# Talk to me about treadmills...



## Nanoman (Jan 17, 2009)

We're looking for a treadmill for the garage. Ideally something that can be stored flat/upright easily. I don't want to spend more than £500 and preferably £250-£300 as long as they're not going to fall apart after a month.

It'll mainly be used by the Mrs but also me occasionally and I'm 110kg so needs to be able to take a pounding.

Anyone got any advice on what to look for or avoid?


----------



## 182_Blue (Oct 25, 2005)

Any reason why you can't just go for a walk/run?, its free too, it does make me smile when I go to the local gym and you see people pull up in their cars then jump on a treadmill :wave:


----------



## horico (Jul 17, 2010)

My knees don't really like concrete so a treadmill is ideal. 

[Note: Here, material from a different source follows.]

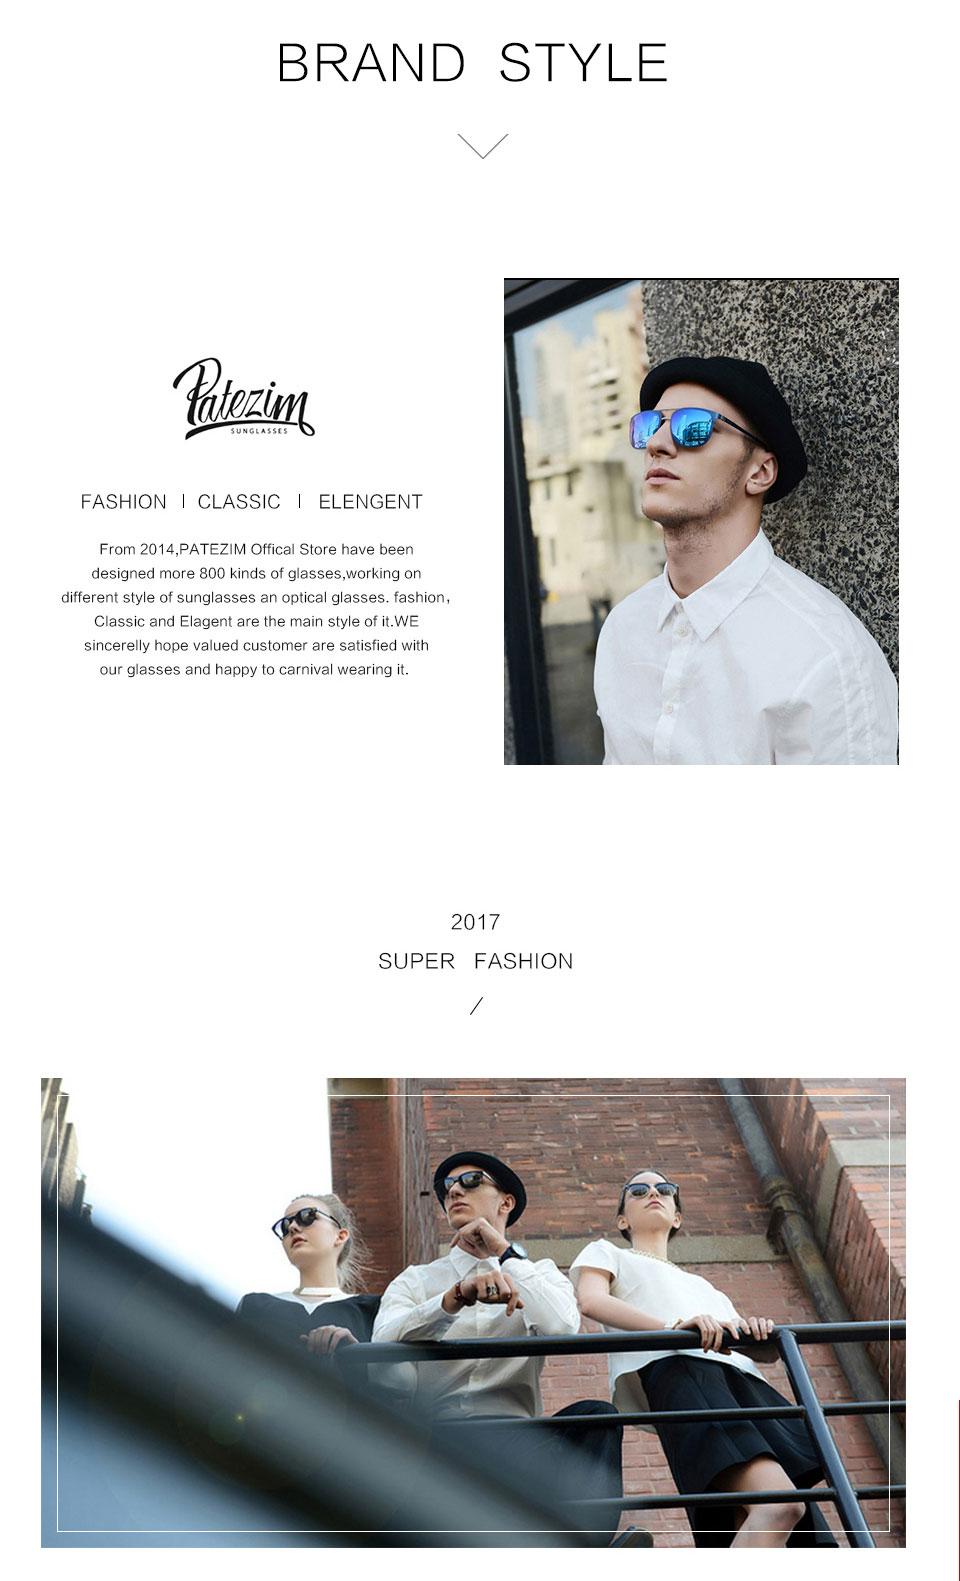 HTB1UR2GPFXXXXabaXXXq6xXFXXX9 - Cat Eye Sunglasses Women 2017 High Quality Brand Designer Vintage Fashion Driving Sun Glasses For Women UV400 lens gafas de sol
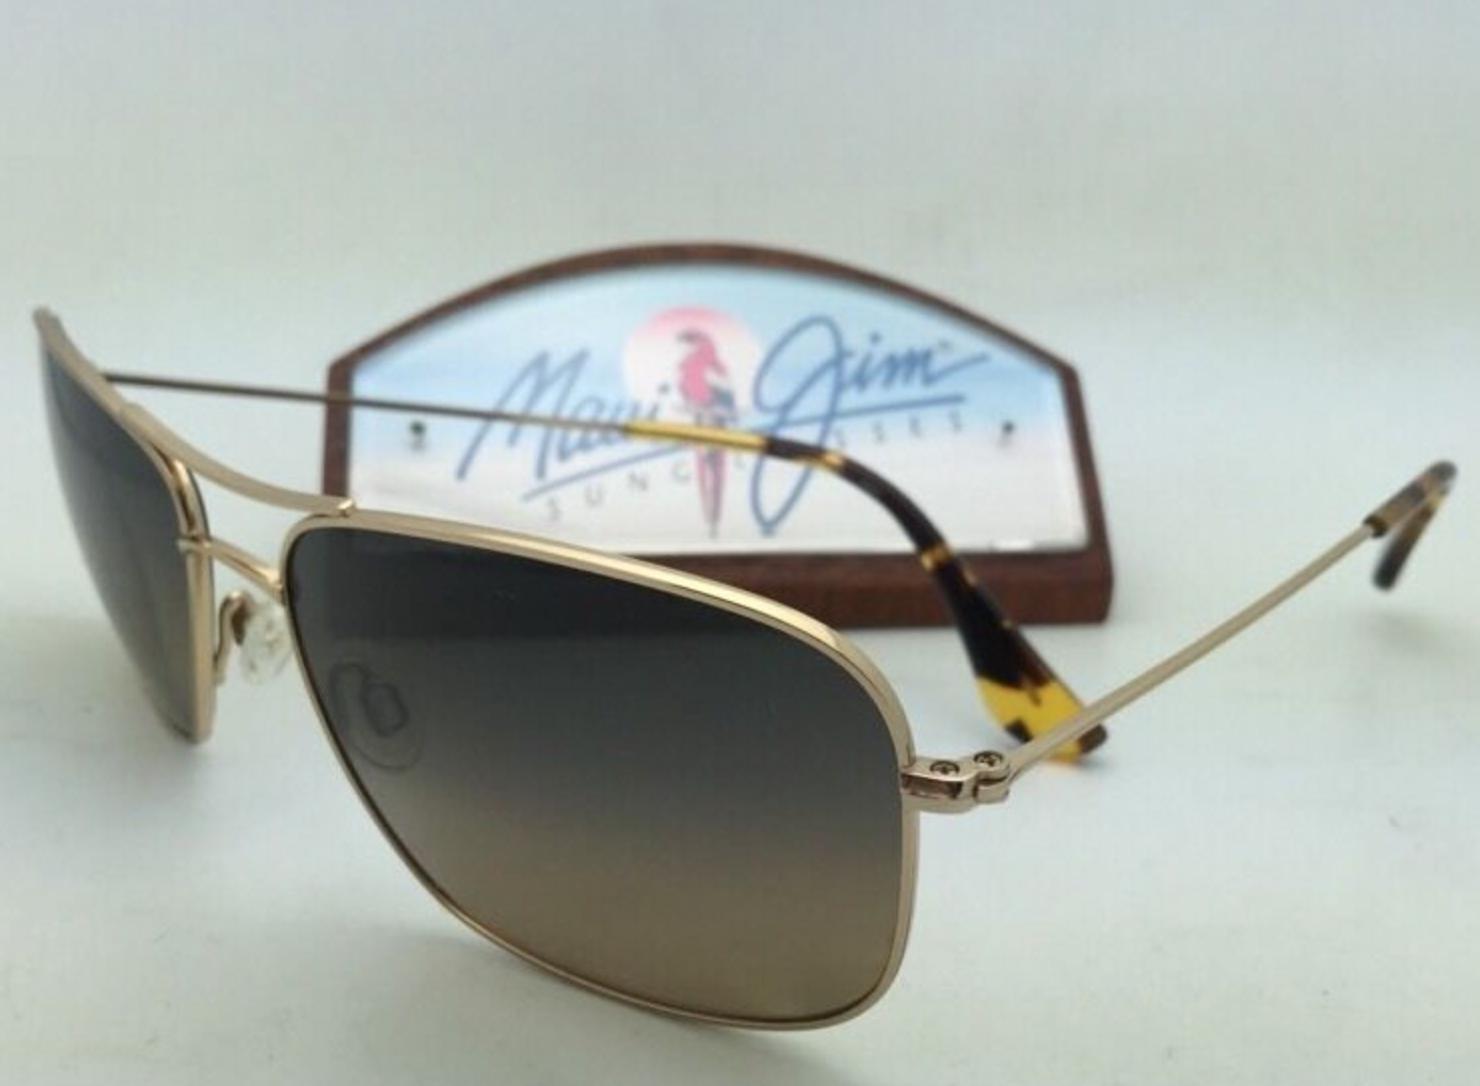 Polarized MAUI JIM Sunglasses Titanium WIKI WIKI MJ 246-16 Gold Frame Brown Lens

OP - why not go secondhand - I picked up a gym quality machine for £150-£200 a while back that was very heavy duty. Gumtree / ebay have plenty. I think mine was a vision fitness T something, motorised incline, foldable base version.


----------



## Nanoman (Jan 17, 2009)

I generally run outside but when it's icy here it's a nightmare. The Mrs doesn't like running in the dark on her own so would prefer a treadmill.


----------



## tightlines (Jul 16, 2011)

only advice i can give is be careful


----------



## Darlofan (Nov 24, 2010)

tightlines said:


> only advice i can give is be careful
> Treadmill Fail Compilation 2012 || ABC - YouTube


I have just cried watching that:thumb:


----------



## MPS101 (May 6, 2011)

Anything you can buy new in that price range will not take much abuse. As already suggested an ex gym machine is a good option but won't store easily and will be more costly to maintain.


----------



## m4rkymark (Aug 17, 2014)

tightlines said:


> only advice i can give is be careful


There is certainly no shortage of stupid people is there...


----------



## Phssll (Nov 8, 2014)

I used to have a horizon elite and they are fantastic well above your budget new but there are lots of used examples knocking around on fleabay once people have had enough or the novelty wears off .Also look on gumtree its sometimes better to pick up a bargain on there rather than auction sites :thumb:


----------



## Phssll (Nov 8, 2014)

and for what its worth it is a lot better on you joints ive been running 35 years and my kness feel like ive been running 70 years lol


----------



## s29nta (Mar 9, 2013)

Darlofan said:


> I have just cried watching that:thumb:


brilliant stuff, cracked me up too:lol:


----------



## bigalc (Aug 7, 2014)

Try restyle fitness, they deal in manufacture returns often with > 50% off.
£500 mark should get you a belter.
I bought one when I was 15st 10lb now down to 14st 4lb
Stock changes weekly.


----------